Ferro-Alloy Resources Ltd (LON: FAR) have seen their shares crash on Friday afternoon as the gave a disappointing update.
The Ferro-Alloy Resources Group (“FAR”) is developing the giant Balasausqandiq vanadium deposit in Kyzylordinskaya oblast of southern Kazakhstan.
The ore at this deposit is unlike that of nearly all other primary vanadium deposits and is capable of being treated by a much lower cost process.
It is planned that output will be increased in stages to reach 22,400 tonnes of vanadium pentoxide per year, mostly in the form of ferro-vanadium.
The firm said its profitability and cash flows have suffered as vanadium prices fell more sharply than expected.
The drop in the price of vanadium pentoxide to its current level of around USD5 per pound from around $16 per pound at the start of 2019 has hurt Ferro-Alloy’s profitability as well as its cash flow.

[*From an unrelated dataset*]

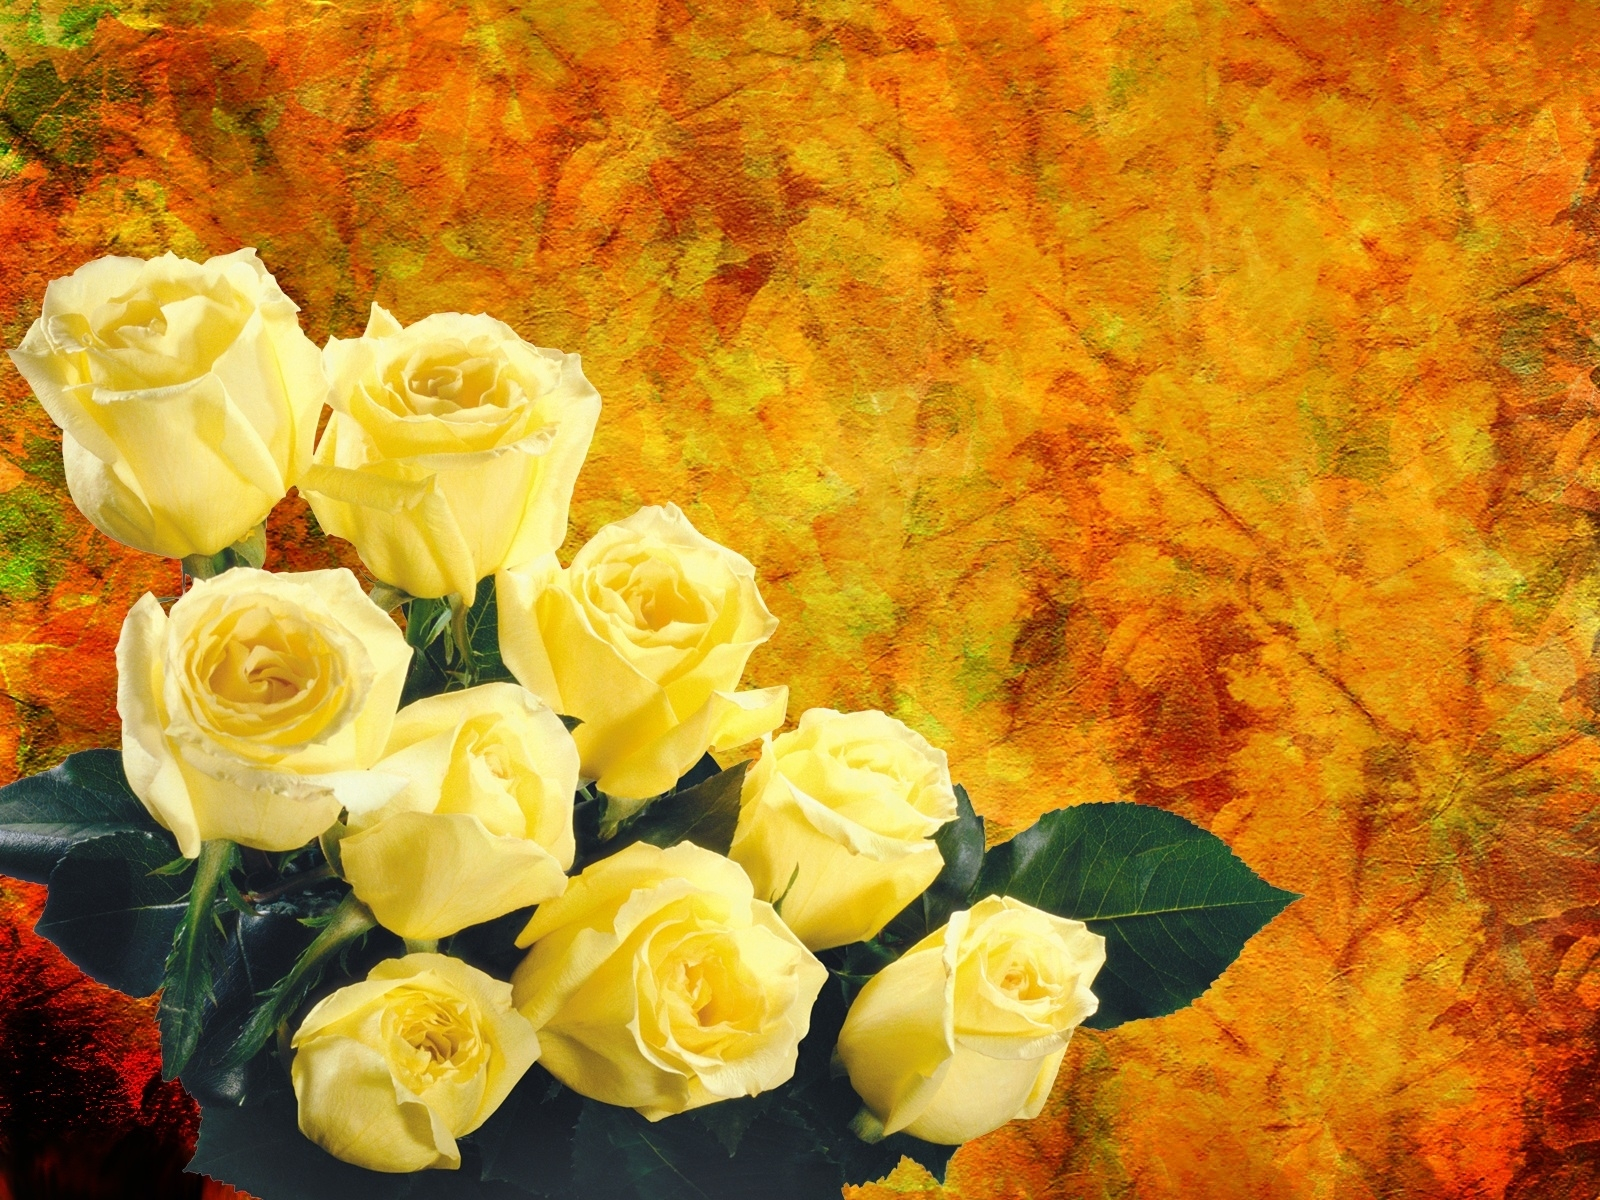 artistic, rose, flower, yellow flower, yellow rose

Despite being widely forecast, the price decline was steeper and more rapid than expected, the company said.
According to the firm, the reason was largely due to China’s initial lack of enforcement on its new higher construction steel standards and an abrupt increase in China’s vanadium production.
However, this enforcement is now considered to be “much stronger” and China’s vanadium production is likely to slow as prices stabilize. Ferro-Alloy’s long-term price forecast for vanadium pentoxide is $7.50 per pound, around the historic average.
“In the longer term the outlook for vanadium demand growth is very strong from its traditional market to steel-makers, putting upwards pressure on prices and necessitating the building of new supply which, other than by Ferro Alloy, is unlikely to happen until prices rise to considerably higher levels than today’s,” said Ferro-Alloy.
The impact of the fall in price was worsened by limited production whilst the firm was implementing the expansion of its vanadium concentrate processing operation. The building expansion is now complete and the first phase of new equipment for the operation are being commissioned.
Additionally, the firm appointed SRK Consulting and Coffey International to upgrade its feasibility study to Western bankable standards.
Ferro-Alloy Chief Executive Nick Bridgen said: “The expansion of the existing operation, the first phase of which will be operational by the end of December, and the advances we have made with our main project, give reasons for an optimistic outlook for 2020. The recent fall of the vanadium price from the frothy levels of last year can be viewed as a positive for the industry as it will allow demand to continue growing, particularly in the nascent flow battery industry, and will lead to the shut-down of high cost opportunist production. Furthermore, it highlights the clear advantage of the Balasausqandiq project, which is expected to become the world’s lowest cost primary supplier.”
In the mining sector, there have been updates. Coal miner Edenville Energy saw their shares rally on two investors which have said they intend to provided funding for their mining operations.
Additionally, Centamin PLC have seen their shares in green on Friday morning, as the firm announced a new interim CEO appointment.
Chief Financial Officer Ross Jerrard has been made interim CEO, following the departure of Andrew Pardey.
Additionally, the announced the FTSE250 listed firm appointed Jim Rutherford as a non executive director. He will then become deputy non-executive chair after 2020’s annual general meeting, when incumbent Gordon Edward Haslam departs.
Rutherford has over 25 years of industry experience and specialized in the global mining and metals sector, and has has much knowledge in the investment banking arena.
He currently works at FTSE100 listed Anglo American plc where is a non-executive director.
Shares of Ferro-Alloy crashed 22.94% to 11p. 13/12/19 15:09BST.